EXERCISE BRIEF:
What is needed is an exact copy of the data below, pictures excluded.

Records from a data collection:

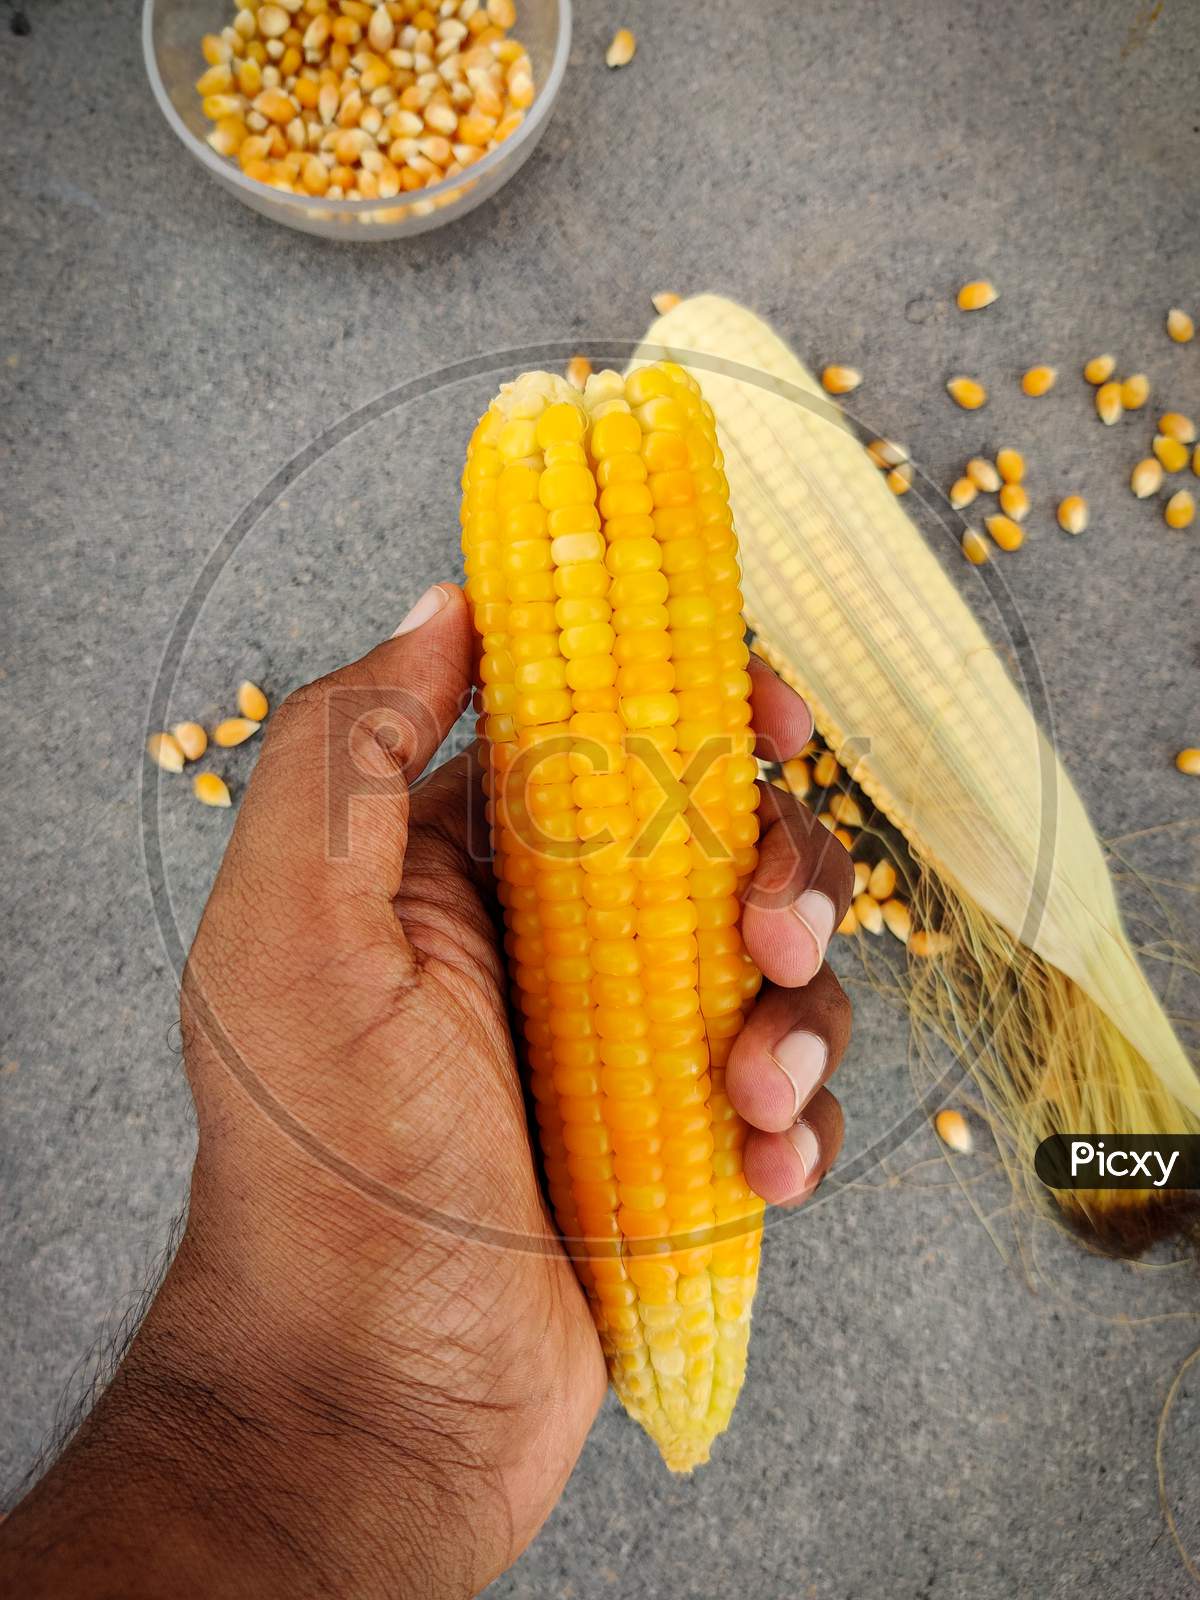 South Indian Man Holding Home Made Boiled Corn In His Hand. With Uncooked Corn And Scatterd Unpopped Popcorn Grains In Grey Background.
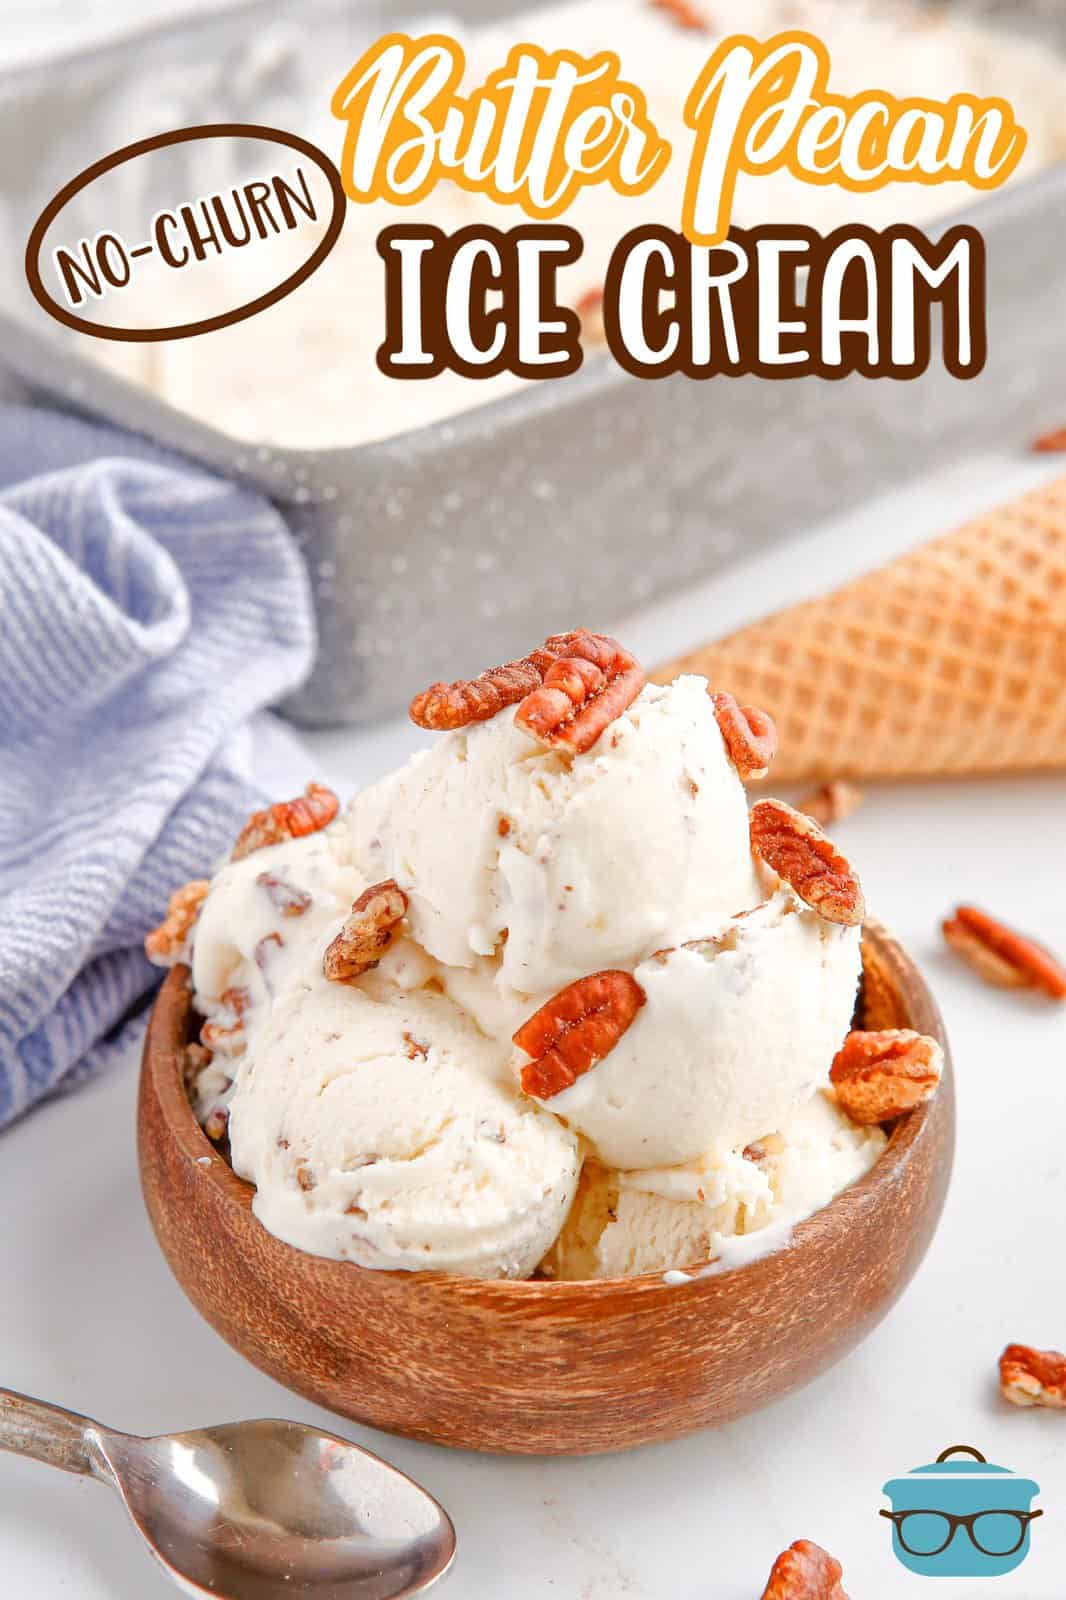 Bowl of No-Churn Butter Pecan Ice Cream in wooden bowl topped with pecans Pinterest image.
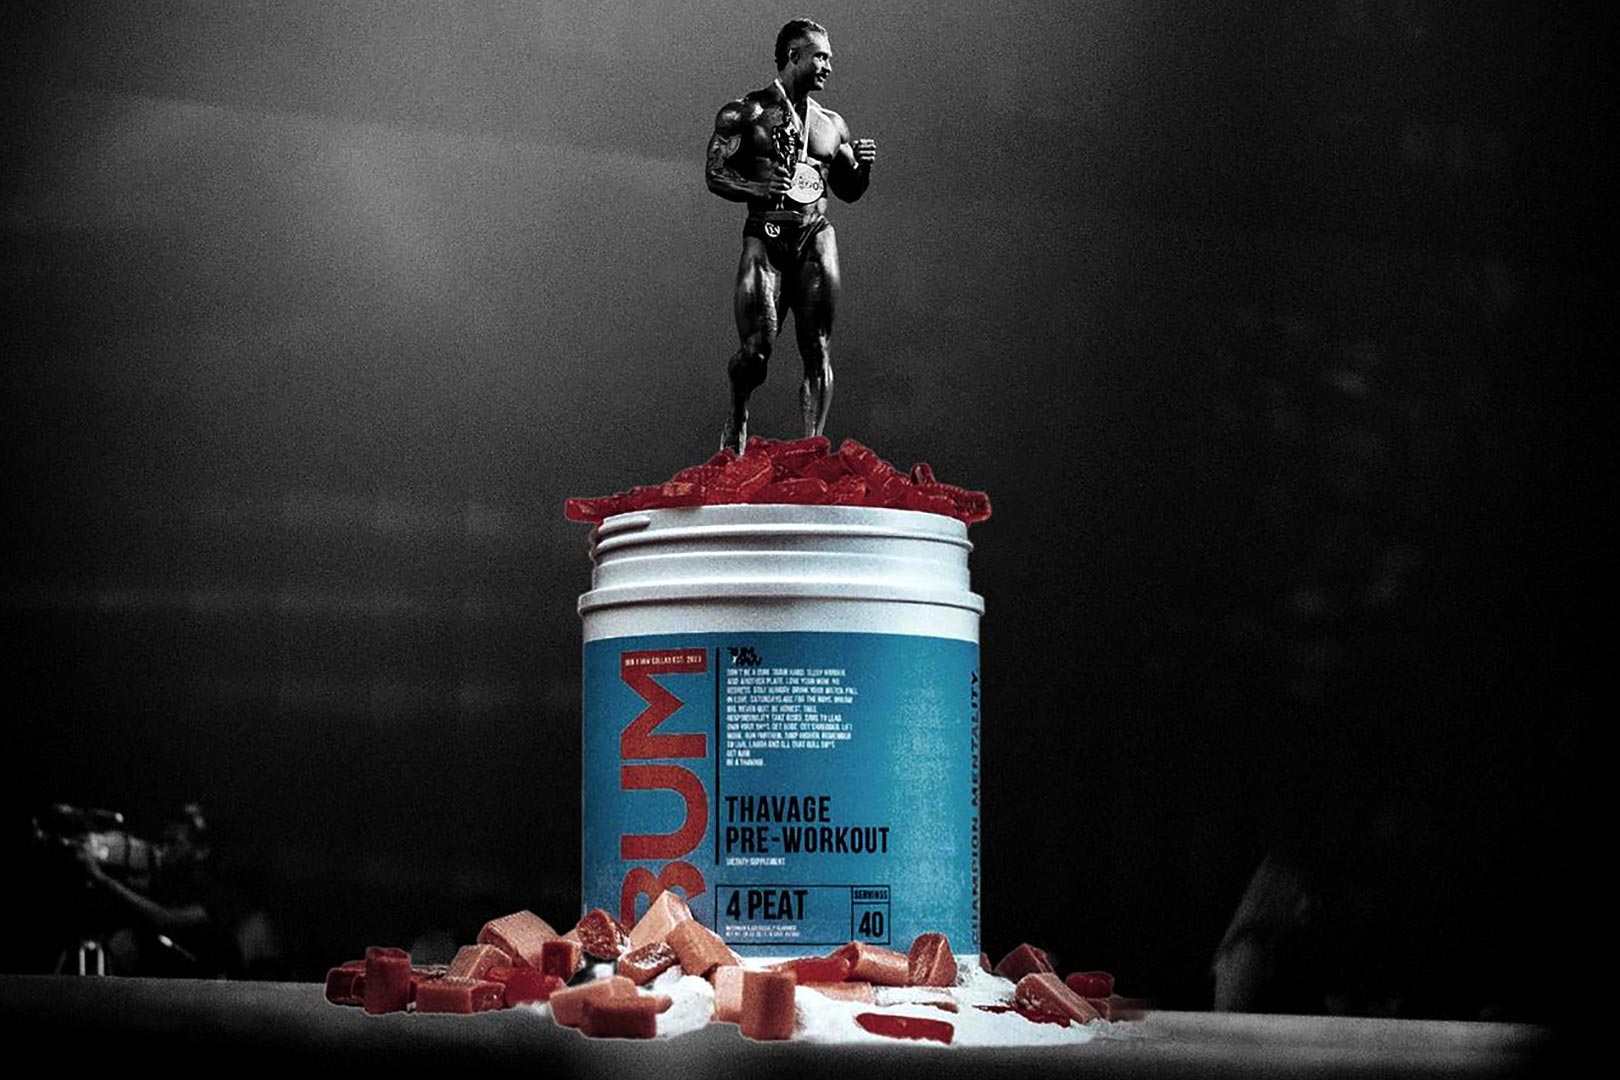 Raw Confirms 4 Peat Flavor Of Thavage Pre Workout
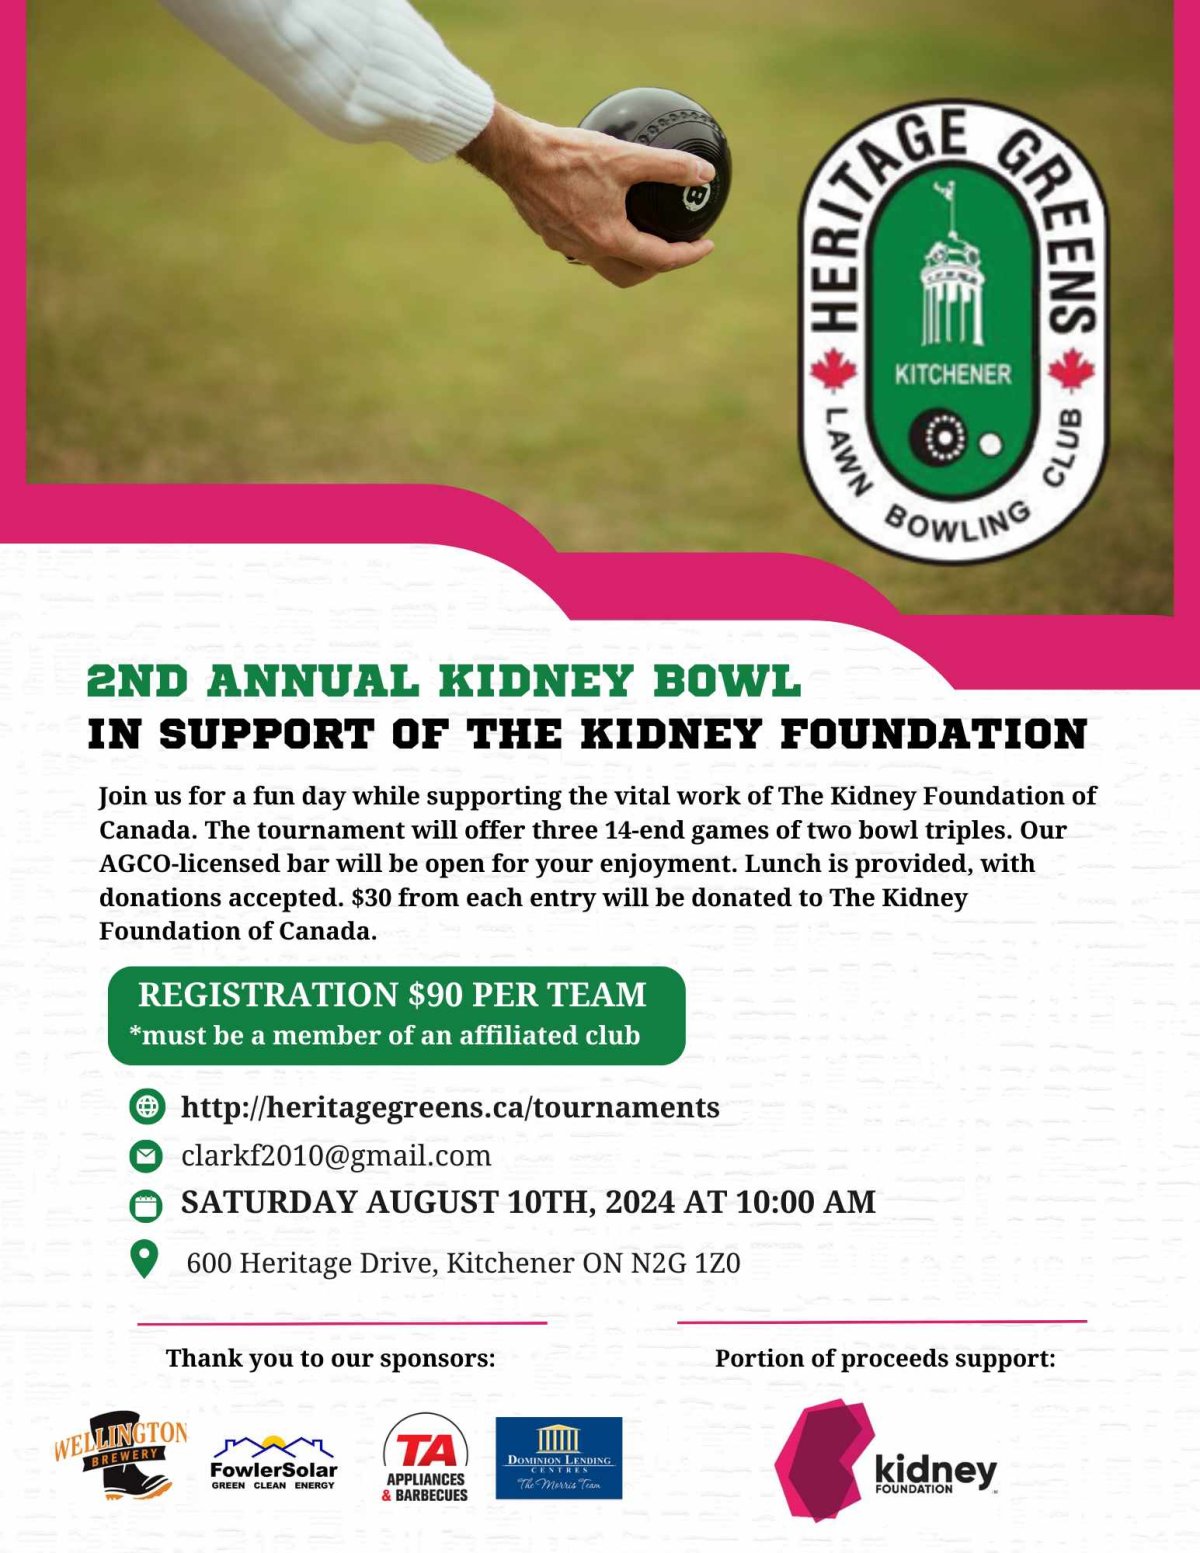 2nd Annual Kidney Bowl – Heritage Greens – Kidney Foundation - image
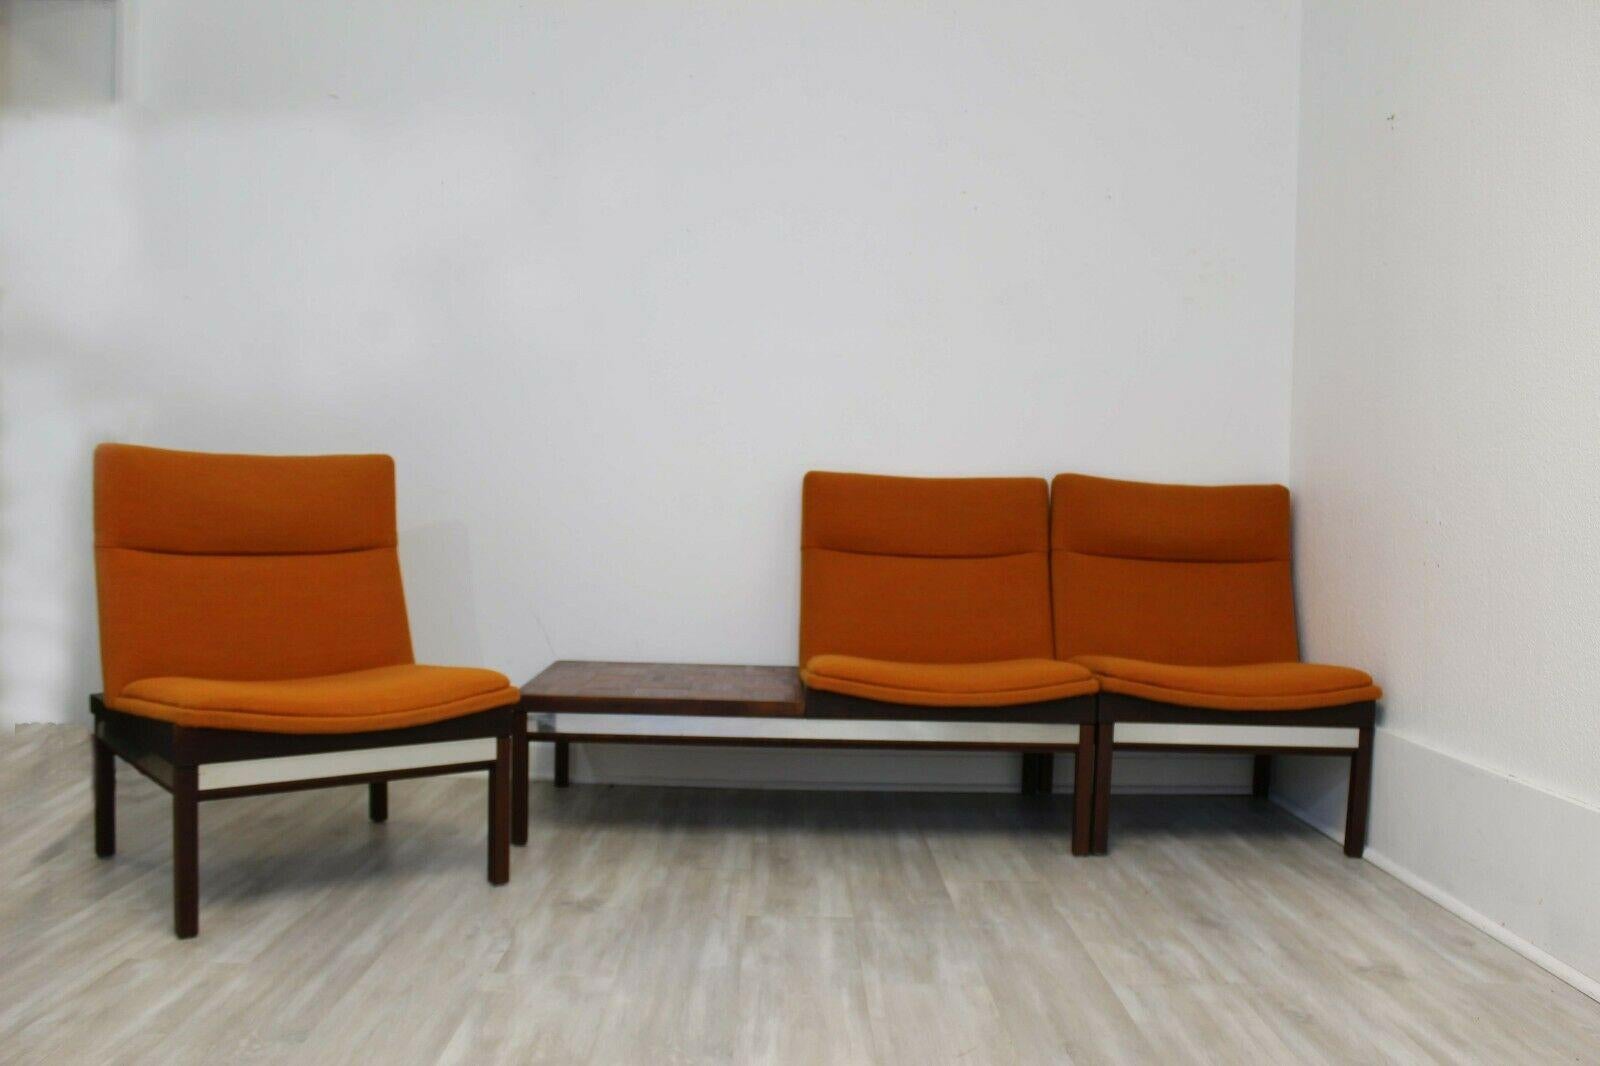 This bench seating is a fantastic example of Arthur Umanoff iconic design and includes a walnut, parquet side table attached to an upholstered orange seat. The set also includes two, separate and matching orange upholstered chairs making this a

TASK RESULT:
 South Indian Man Holding Home Made Boiled Corn In His Hand. With Uncooked Corn And Scatterd Unpopped Popcorn Grains In Grey Background.
 Bowl of No-Churn Butter Pecan Ice Cream in wooden bowl topped with pecans Pinterest image.
 Raw Confirms 4 Peat Flavor Of Thavage Pre Workout
 2nd Annual Kidney Bowl – Heritage Greens – Kidney Foundation - image
 This bench seating is a fantastic example of Arthur Umanoff iconic design and includes a walnut, parquet side table attached to an upholstered orange seat. The set also includes two, separate and matching orange upholstered chairs making this a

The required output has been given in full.